Exercise goal:
Once you find the line with "Comprehensive Data Management" in the data below, transcribe exactly each line from there to the line with "Escola de Aprendizagem", inclusive, and nothing else. Drop the pictures.

··· Material provided

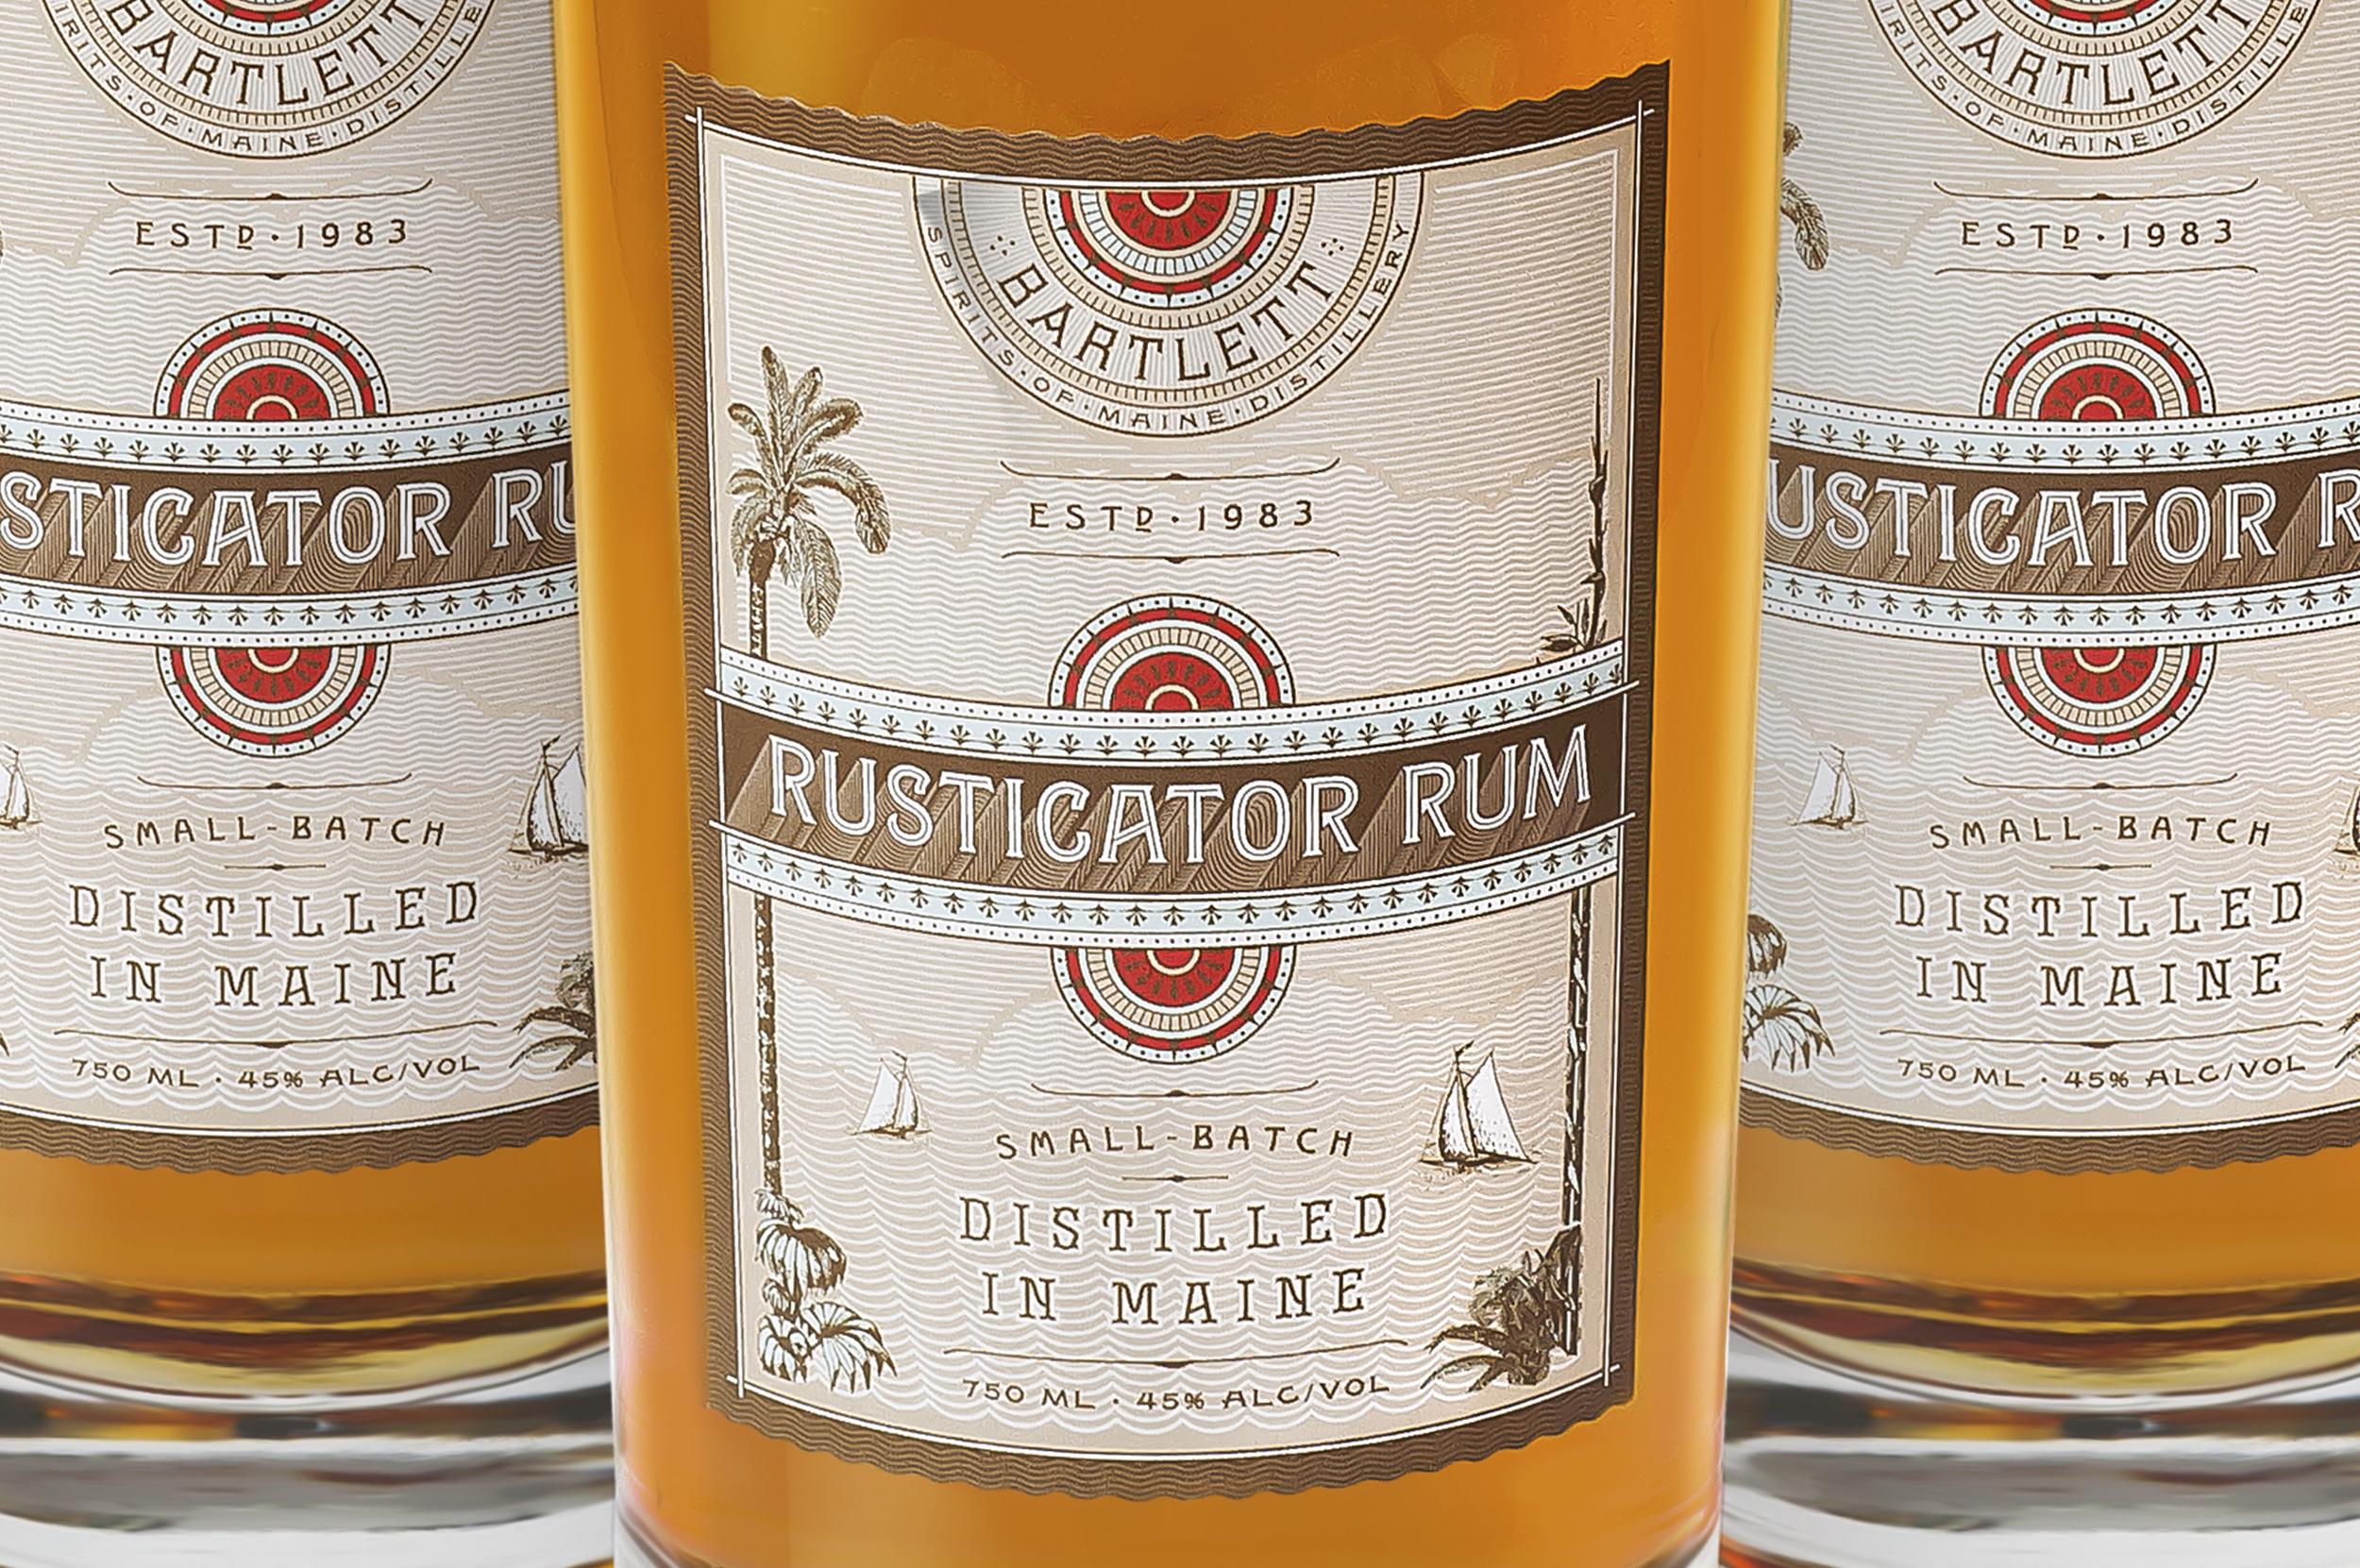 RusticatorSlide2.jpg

······
··· Material provided

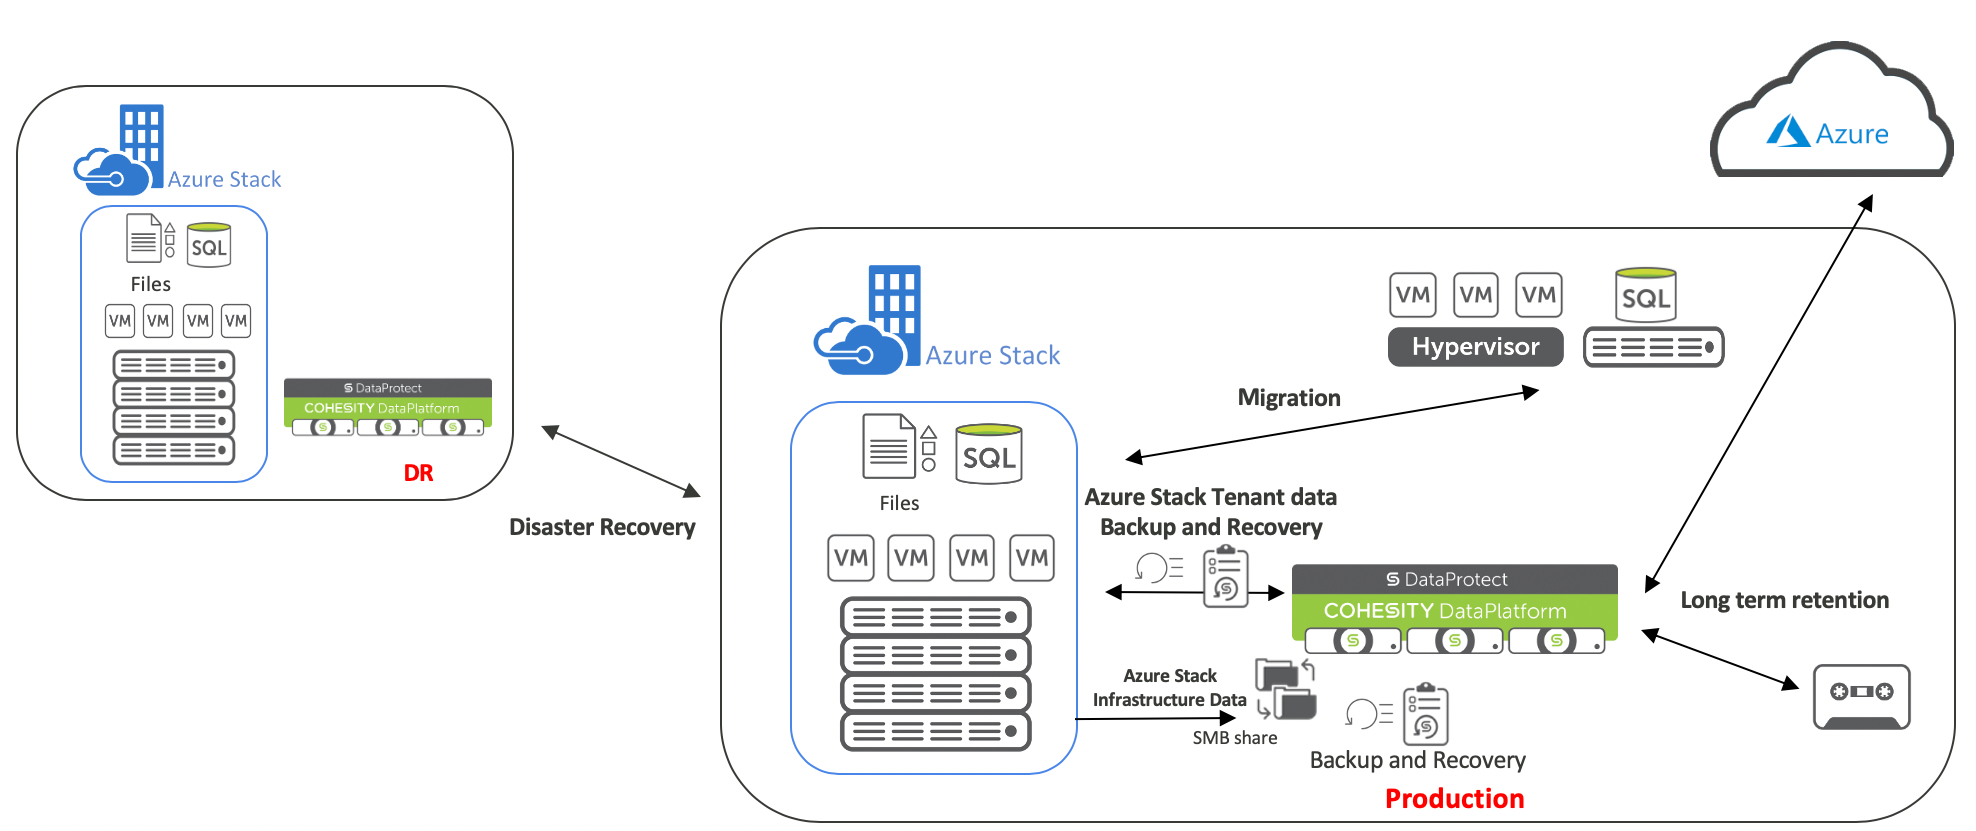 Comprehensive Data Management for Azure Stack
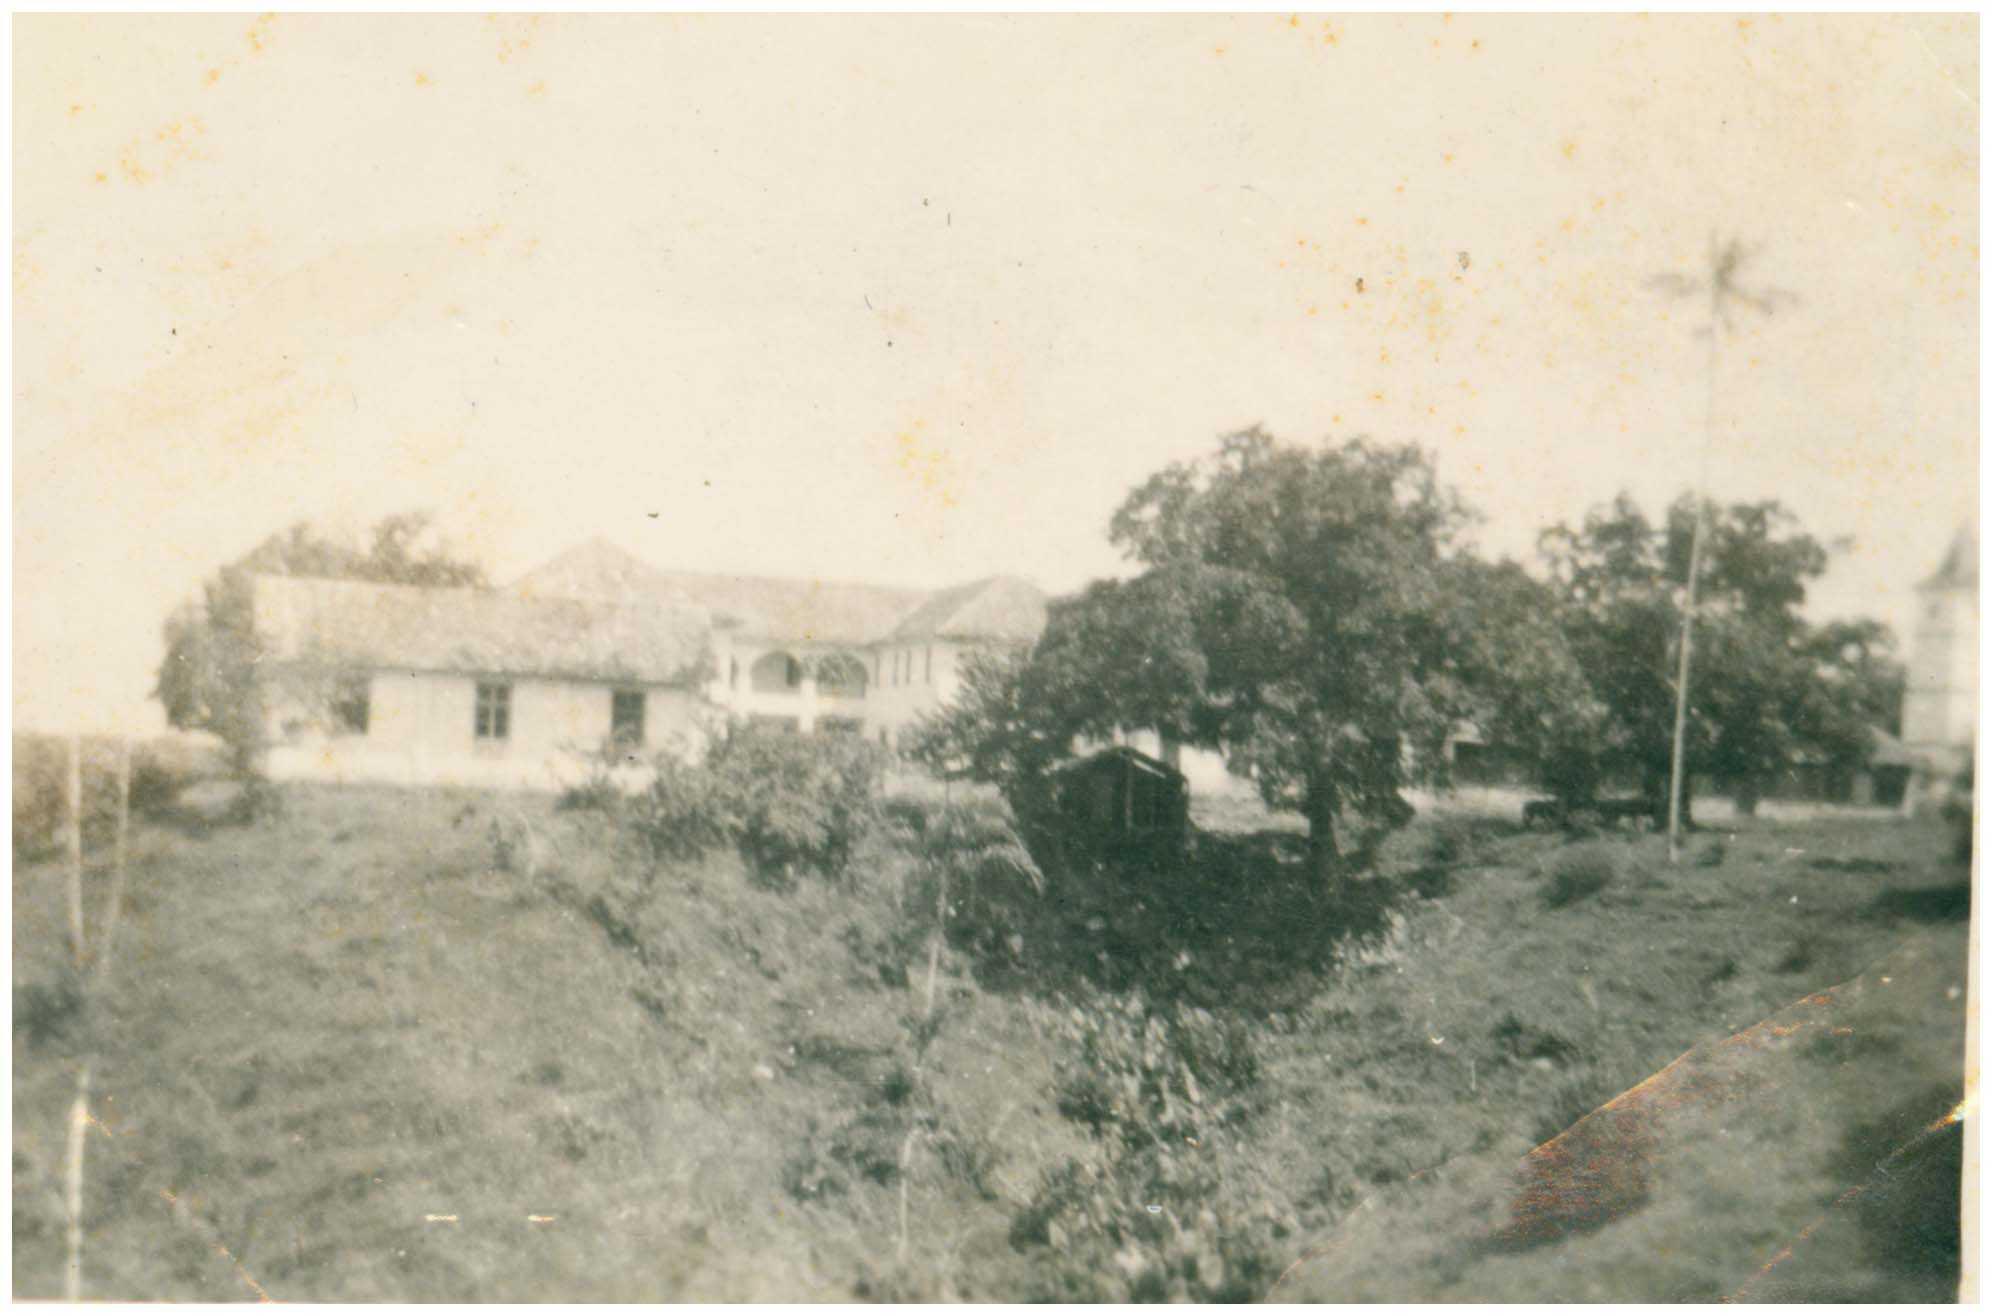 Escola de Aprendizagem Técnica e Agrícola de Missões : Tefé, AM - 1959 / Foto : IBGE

······

Answer to this exercise:
 Comprehensive Data Management for Azure Stack
 Escola de Aprendizagem Técnica e Agrícola de Missões : Tefé, AM - 1959 / Foto : IBGE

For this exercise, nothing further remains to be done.